MSACL 2015 EU Abstract

Molecular Annotation and Mapping of Big Data from Spatial Metabolomics
Theodore Alexandrov
European Molecular Biology Laboratory

Theodore Alexandrov (1-3)
(1) European Molecular Biology Laboratory, (2) SCiLS GmbH, (3) Skaggs School of Pharmacy and Pharmaceutical Sciences, University of California San Diego

Short Abstract

Spatial metabolomics is emerging as a powerful approach to localize hundreds of metabolites directly from sections of biological samples with the grand challenge to be in the molecular annotation of big data generated. Existing bioinformatics tools cannot be applied directly because of the sheer data size and high complexity of spectra. We developed algorithms for molecular annotation for High Resolution Imaging Mass Spectrometry that integrates both spectral and spatial filters and map the results onto metabolic pathways. We will present our efficient implementation using modern big data technologies and apply it to 3D cell spheroids, microbial agar plates, and biological tissues. We will present the European project METASPACE on Bioinformatics for Spatial Metabolomics.

Long Abstract

Metabolomics is recognized as a crucial scientific domain, promising to advance our understanding of cell biology, physiology, and medicine. Metabolomics complements genomics, transcriptomics, and proteomics by analyzing the final read-out of biochemical processes and by revealing the contributions of non-genetic factors, such as the environment, diet, or microbiome. In the last years, metabolomics progressed from simply cataloguing chemical structures to answering complex biomedical questions and enabling new discoveries in life science. This progress has been made largely in the analysis of liquid samples, so the next frontier for metabolomics now lies in spatial metabolomics, where the challenge is to localize hundreds of metabolites directly from sections of biological samples with cellular and sub-cellular spatial resolution.

The two major challenges to establish spatial metabolomics are: molecular annotation, and mapping of annotated molecules back into the spatial context and onto existing metabolomics knowledge bases.

We will present our recent and unpublished results on solving these challenges when using High mass Resolution (HR) imaging Mass Spectrometry (MS). This emerging technique of spatial metabolomics is able to resolve signals from molecules differing by 0.01 mass units. This, together with the high dynamic range of the technique (1e4-1e5), small pixel size (down to 5 um), and high sample complexity when performing in situ analysis, generates unprecedented amount of information from a sample.

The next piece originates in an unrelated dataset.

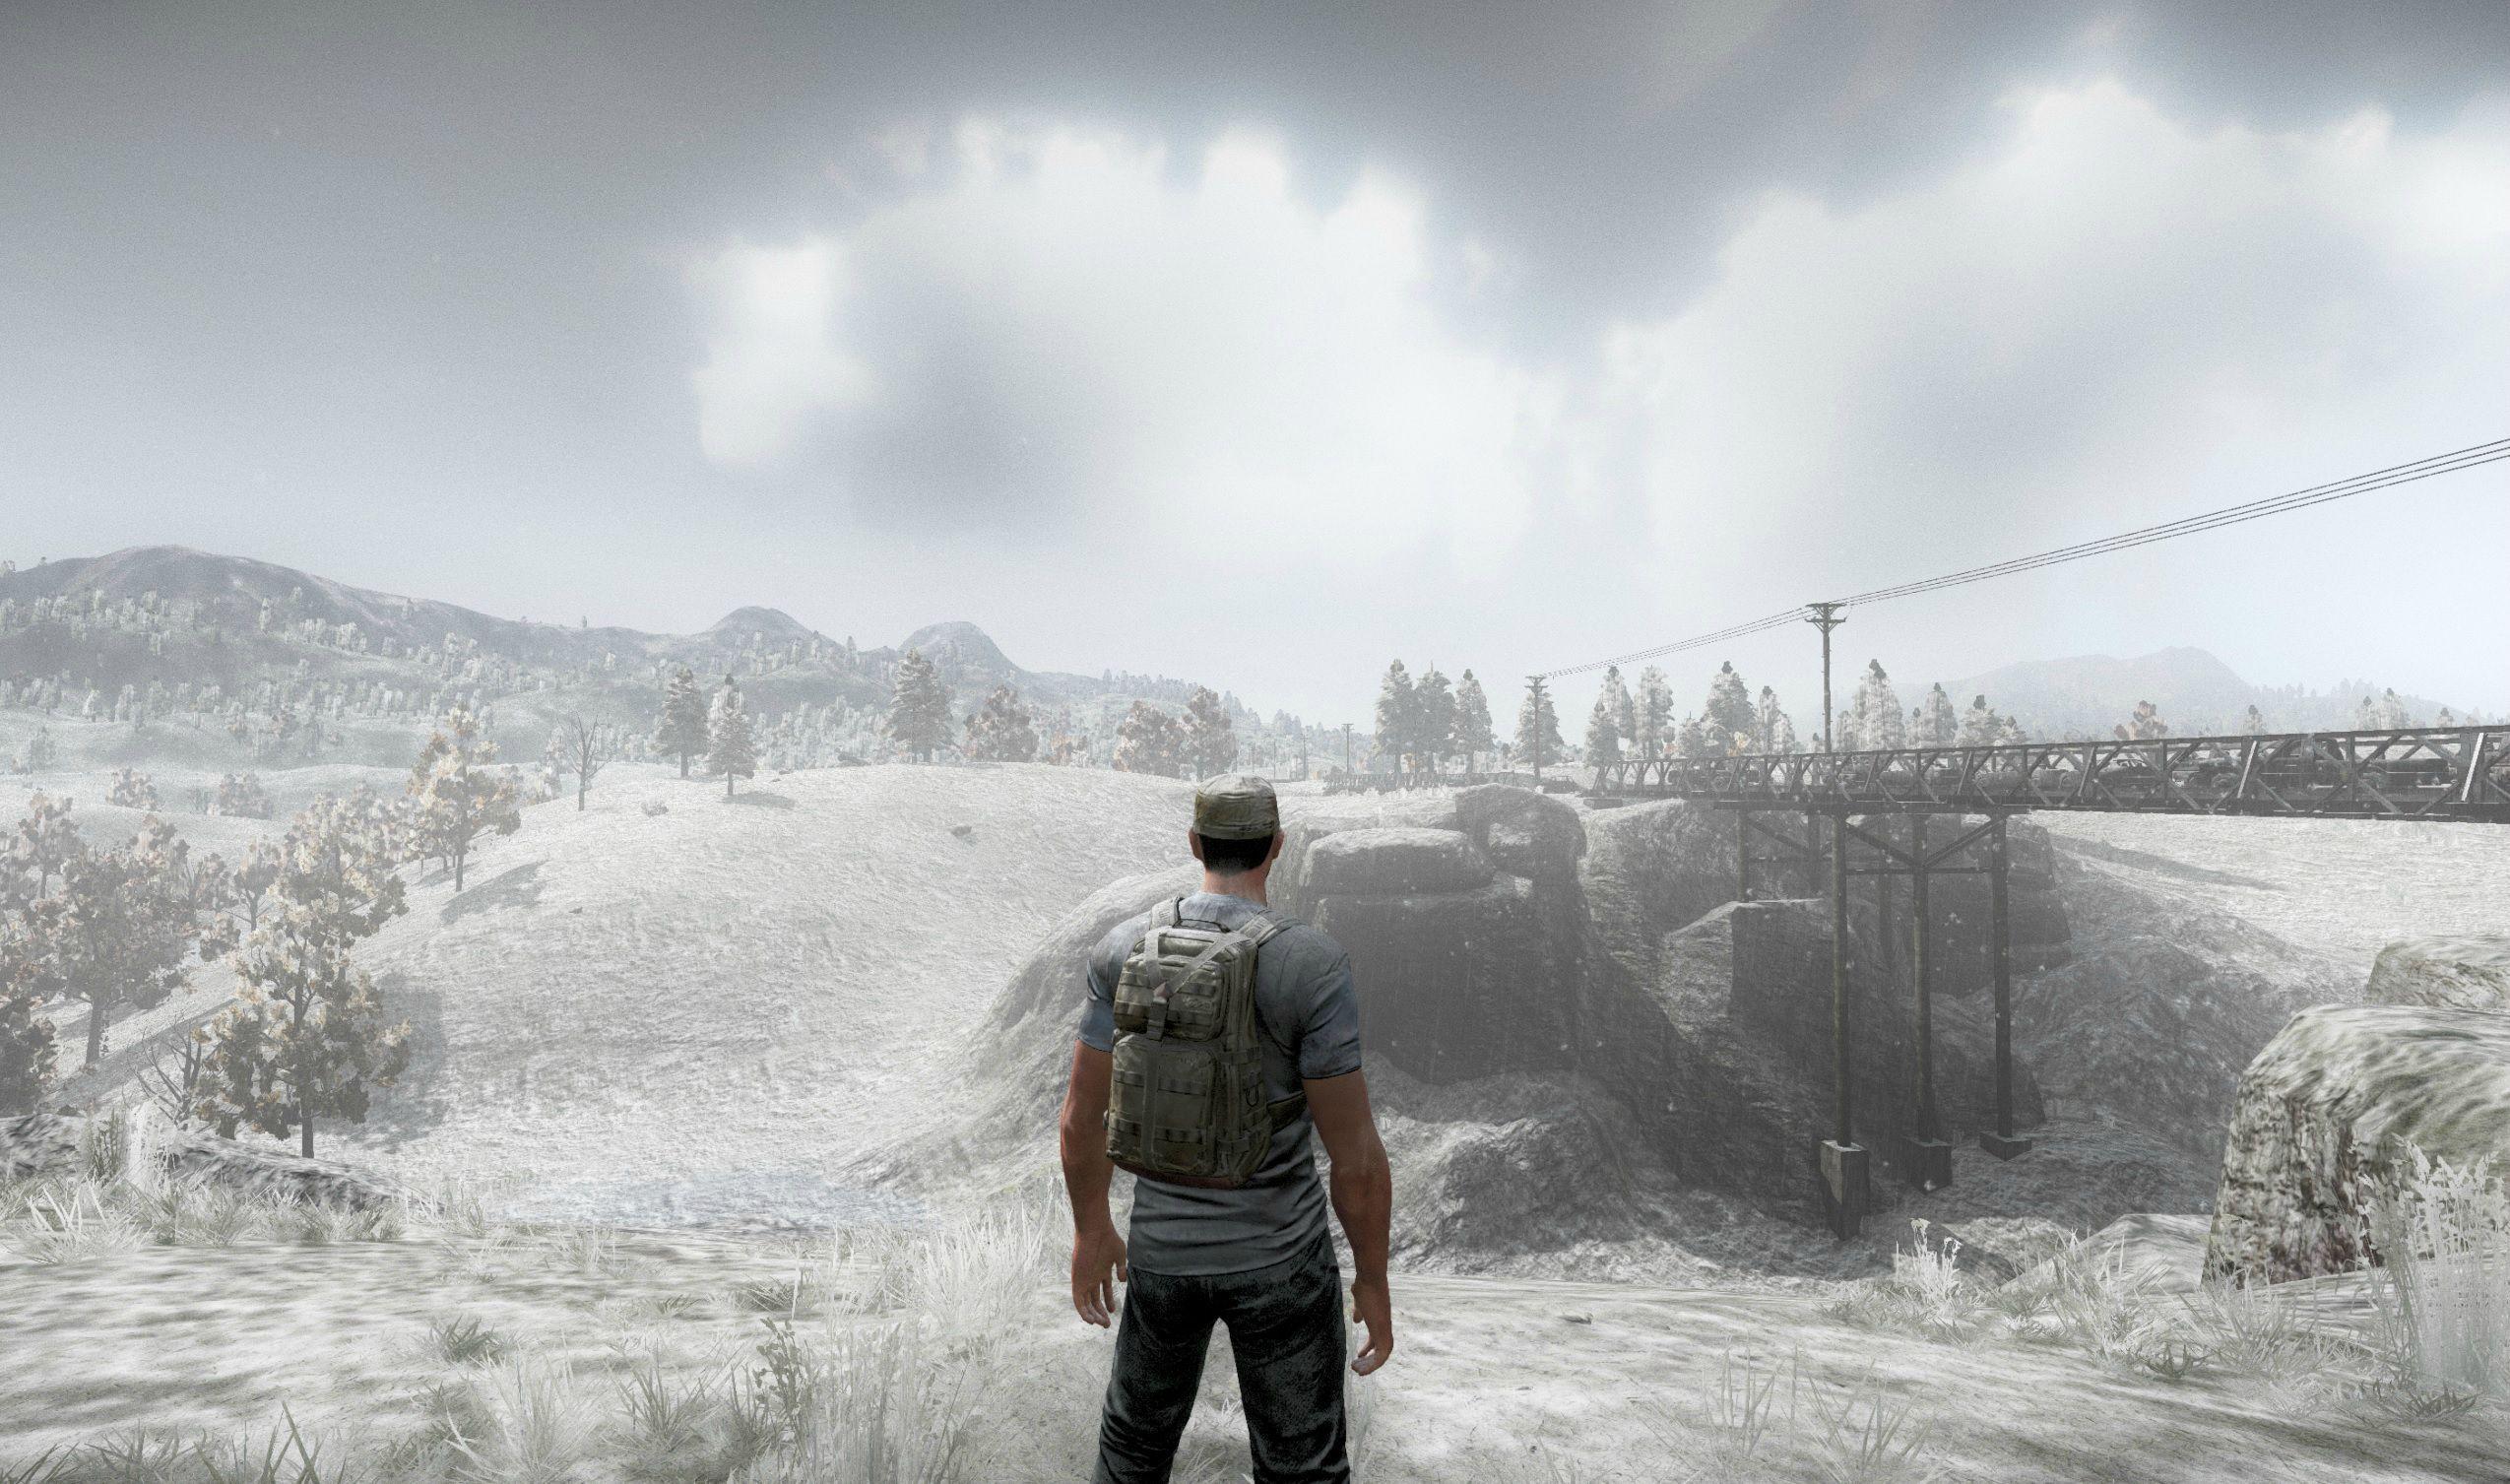 Weather changes in H1Z1 shown in new image

A dataset usually reaches 10-100 gigabytes in size and contains millions of mass spectrometry signals.

Existing bioinformatics tools developed for molecular annotation of other types of metabolomics MS (using chromatography, direct-infusion, or dried-droplet approaches) can be hardly applied to imaging MS because of the sheer size of the data generated and high complexity of spectra. Moreover, metabolomics MS is based on using MS/MS for molecular identification whereas imaging MS delivers mostly MS1 data that creates a need for novel methods to improve MS1-based molecular annotation.

Recently, we have developed an algorithmic pipeline for molecular annotation of big data generated by HR imaging MS. This pipeline integrates both existing spectral filters and newly-developed spatial filters and combinations of those. We will show that using spatial information, such as relations between spectra from neighbor pixels, allowed us to significantly reduce the number of false positives and improve the reliability of molecular annotation. We will present our efficient implementation of this algorithmic pipeline performed using modern big data technologies, including framework for computing in distributed memory Apache Spark and cloud service Amazon Web Services. We will illustrate this approach by showing results of application to 3D spheroids from cell lines and primary cells, microbial agar plates, and biological tissues.

In the second part, we will show recent advances in mapping the annotated molecules back into spatial context and onto molecular knowledge bases. We will show how big and complex HR imaging MS data can be translated into molecular images and how it can be mapped onto metabolic pathways. Finally, we will present a new European project METASPACE on Bioinformatics on Spatial Metabolomics starting in July 2015 that aims to create an open online engine for spatial metabolomics.